Inattentiveness may scuttle Perkins reelection

Coincidence? Regardless, the very real threat to Shreveport Democrat Mayor Adrian Perkins’ reelection due to illegal qualification seems to be a common outcome with recent electoral opponents of Democrat state Sen. Greg Traver.

Both qualified earlier in July, but at the deadline to challenge qualification, Perkins had a very serious one lodged against him that on its face looks more than sufficient to get him kicked off the ballot. State law requires that candidates, if they claim a homestead, must qualify at that homestead’s address, and that they have filed state income tax returns for the past five years.

For his adult life, Perkins has maintained voter registration – although he never voted until his own contest – at a southern Shreveport residence. But he filed a homestead exemption for a residence he owns in downtown Shreveport. Further, state records indicate no income tax filings for 2017 and 2018; in 2017 he appears to have lived out of state but he certainly was around in 2018 when he ran for mayor and drew a salary from an out-of-state employer, and he also likely drew disability payments from the Army in this period which would need reporting.

Failure to accurately identify on either account disqualifies a candidate.

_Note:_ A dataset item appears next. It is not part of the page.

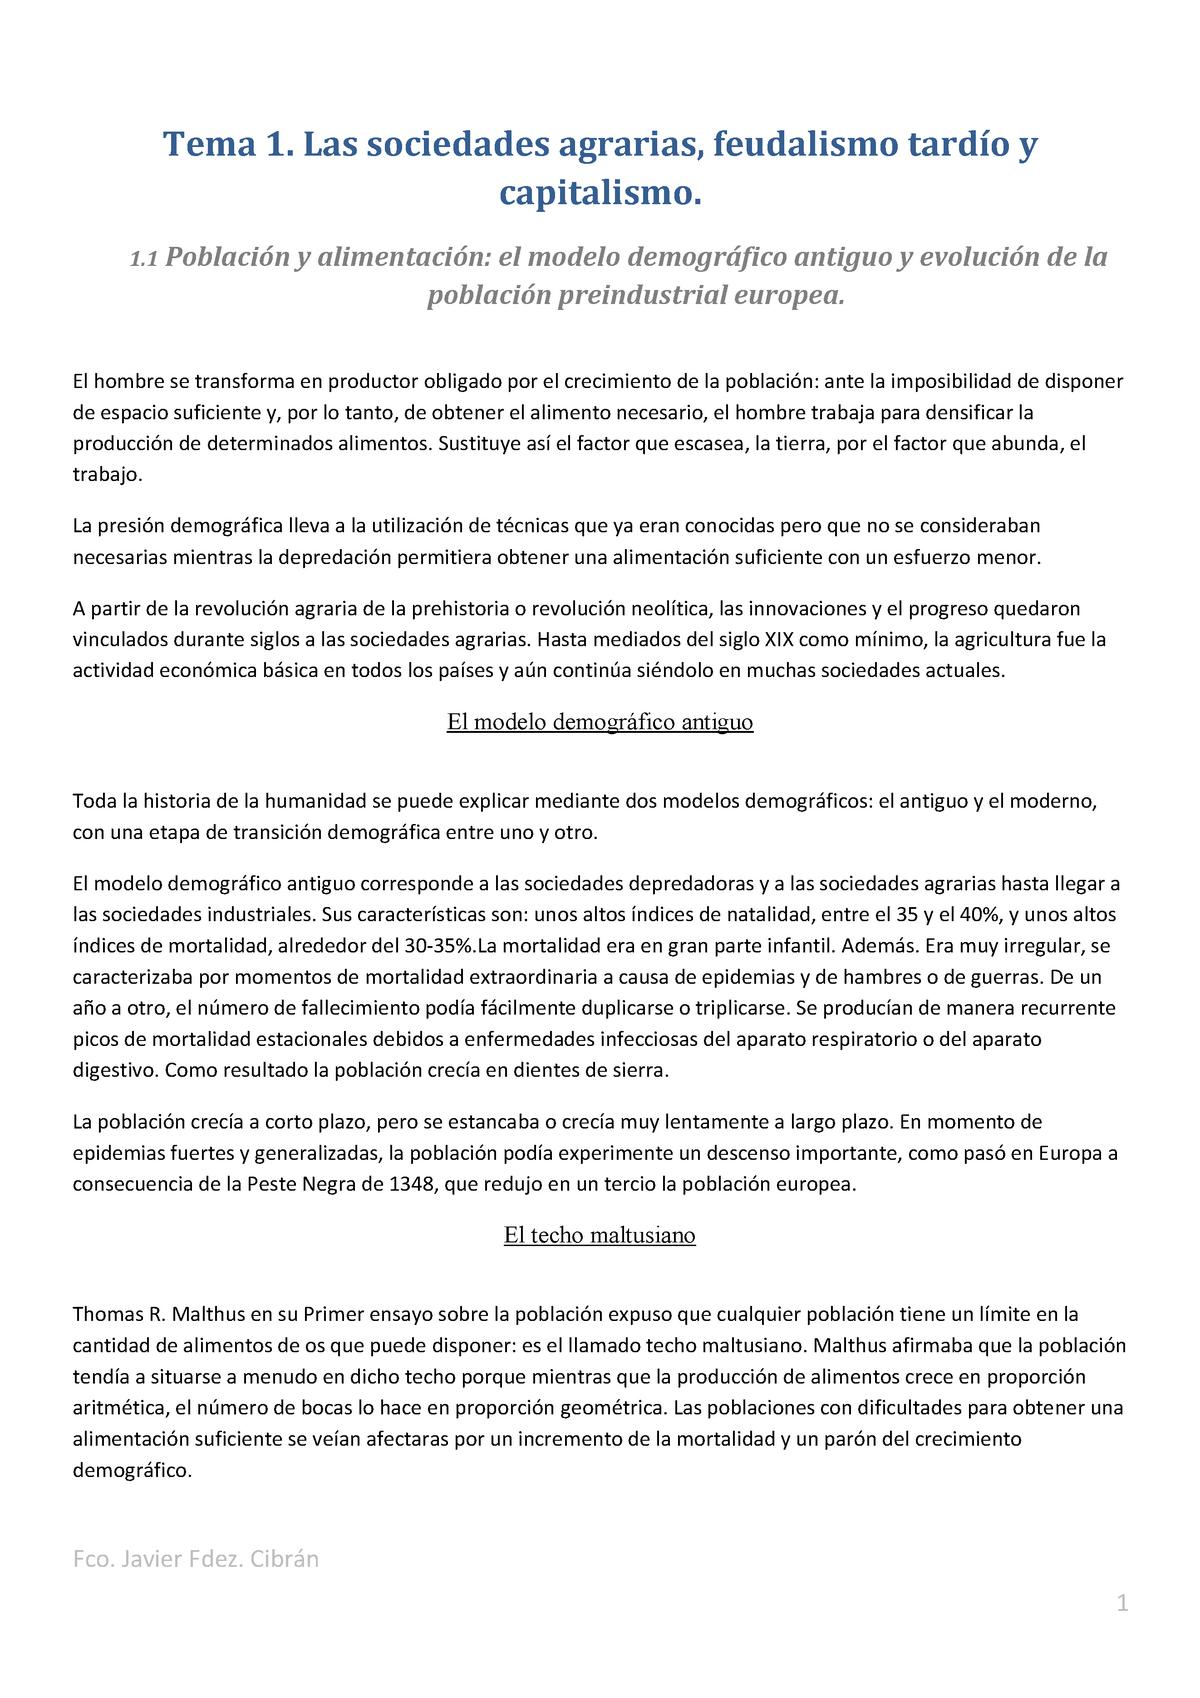 Tema 1 Historia Económica 802263 Ucm Studocu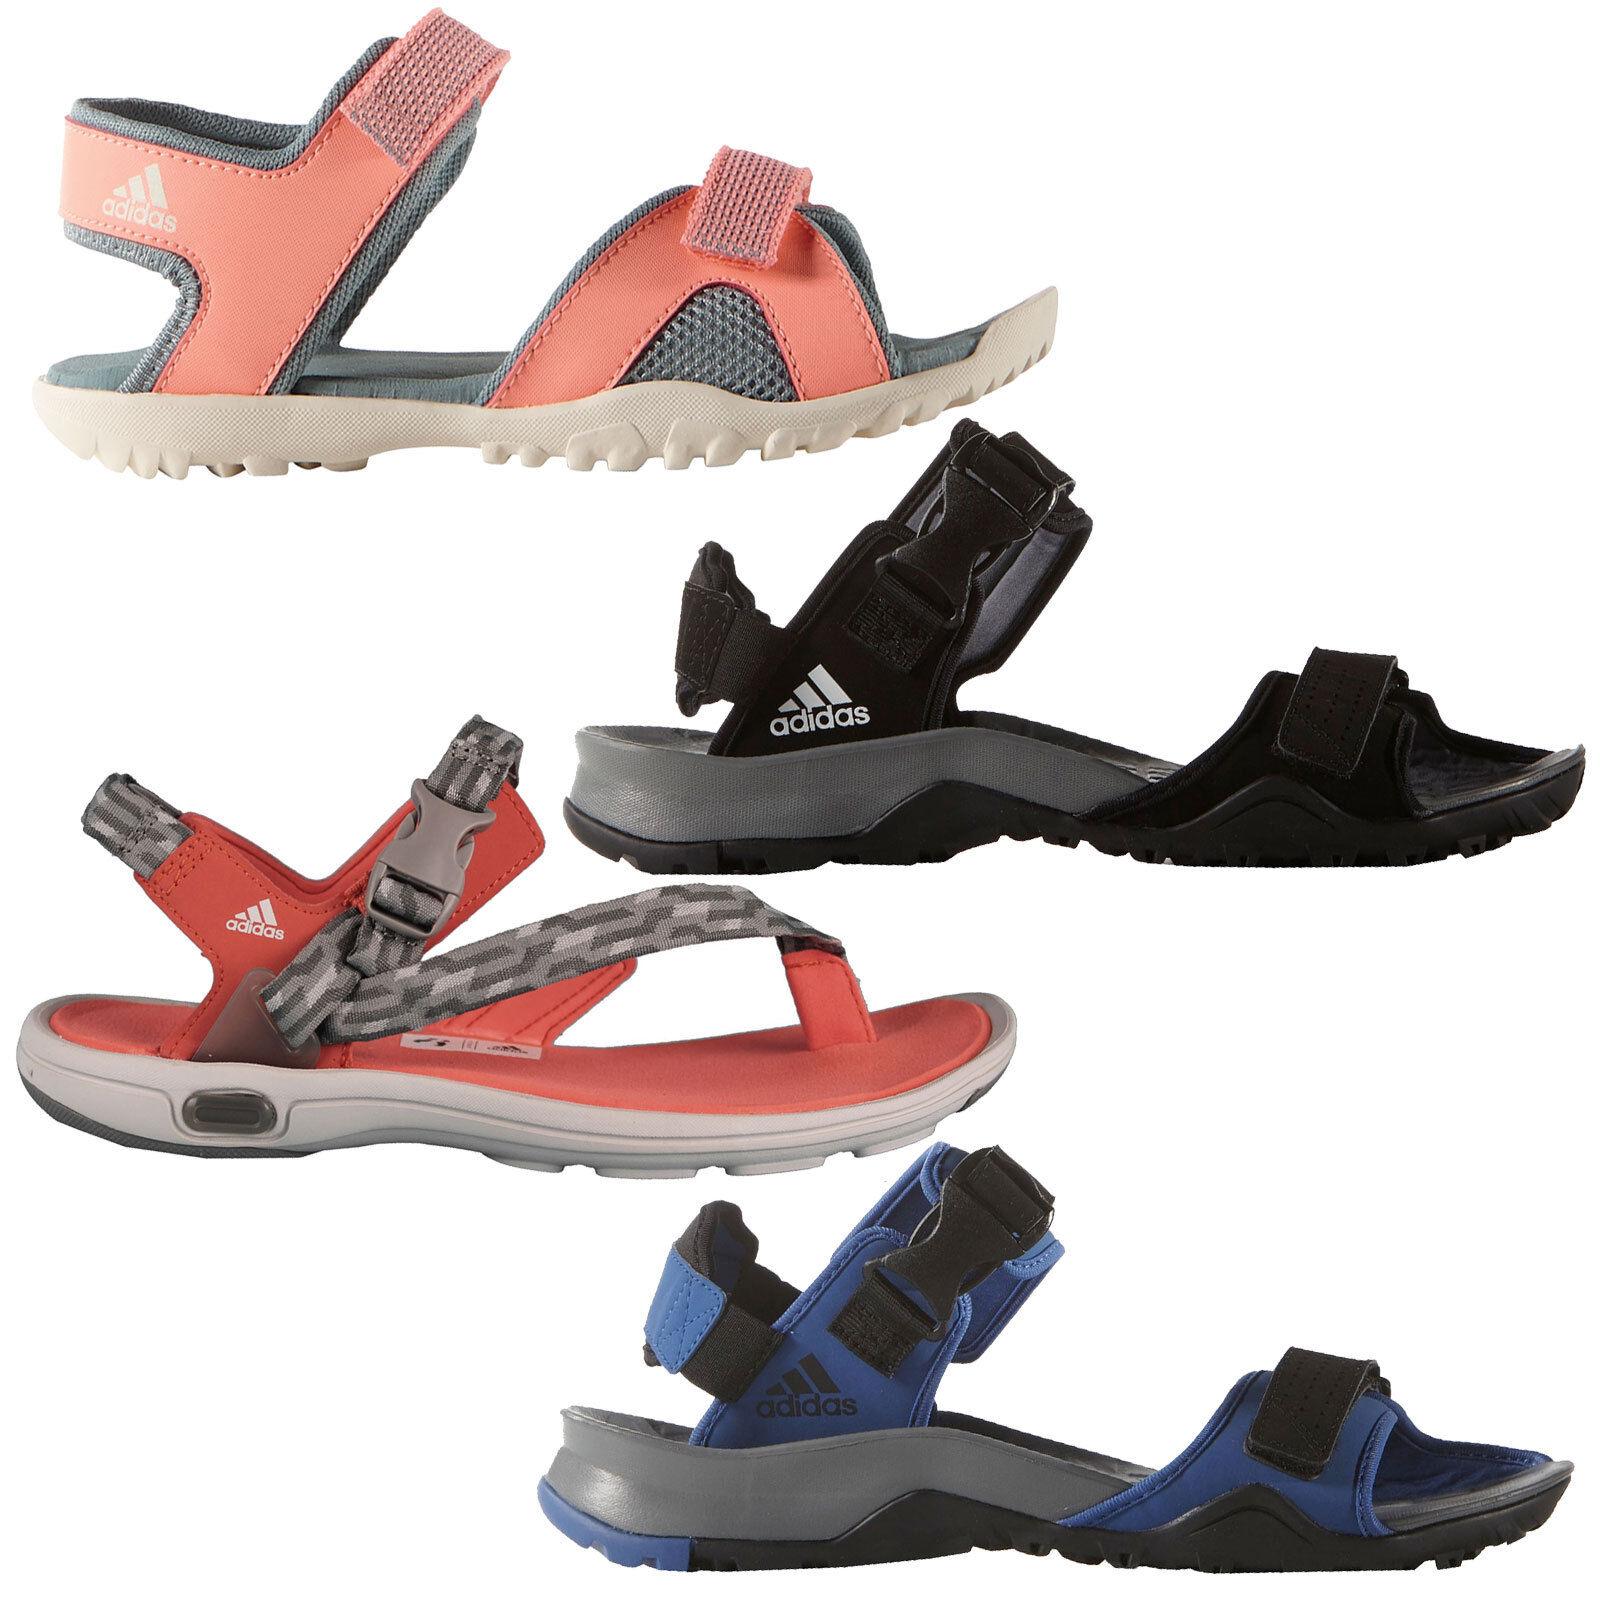 Adidas Performance Libria Cyprex Sandplay Trekking Sandals Outdoor shoes

Worse, the suit claims this invalidates him as a qualified elector, which according to the Shreveport charter means he cannot hold office and must vacate it. However, the suit doesn’t seek to do that and merely challenges his qualification in the upcoming contest.

The suit originates from disgruntled owners of airport hangars at the city’s Downtown Airport. Perkins, also with his appointees to the facility’s governing board that itself generated plenty of controversy, has led a well-publicized campaign that resulted in the city taking ownership of  hangars whose private owners had spent considerable sums in their construction. The lawyers involve say their clients have nothing to do with Tarver.

Nonetheless, in the previous two elections Tarver has contested since his return to the Senate qualified opponents have fallen by the wayside. After winning back the seat in 2011, in 2015 he won unopposed when perennial candidate Republican Jim Slagle withdrew, and in 2019 his most prominent challenger Democrat former state Rep. Barbara Norton and Perkins ally Shante Wells both suffered challenges launched by him; Wells withdrew but Norton stuck it out to be disqualified officially. Leaving only Slagle, Tarver easily won reelection.

Whether he has any connection with the challenge to Perkins, there is delicious irony here for Tarver. He actually doesn’t live in Shreveport, but can qualify because he can claim domicile because of his business located in the city, which he lists as his voter registration address. He was smart enough legally to rent residential space from his wife, who solely owns that property, and doesn’t claim a homestead.

And, in a way, if Perkins loses office this way, it’s fitting. Over his time in office much of the negativity that has surrounded it has come because of careless decisions he made that seemed questionable from the start but into which he plunged anyway, creating a number of incidences with questionable policy or ethical behavior choices on his part.

Not taking care of the details regarding his candidacy would fit the pattern. We’ll see whether the judiciary follows the letter of the law or if it will let him off the hook because of some technicality that he lives in Shreveport even if he used the wrong address and/or the sources of his income exempted him from filing.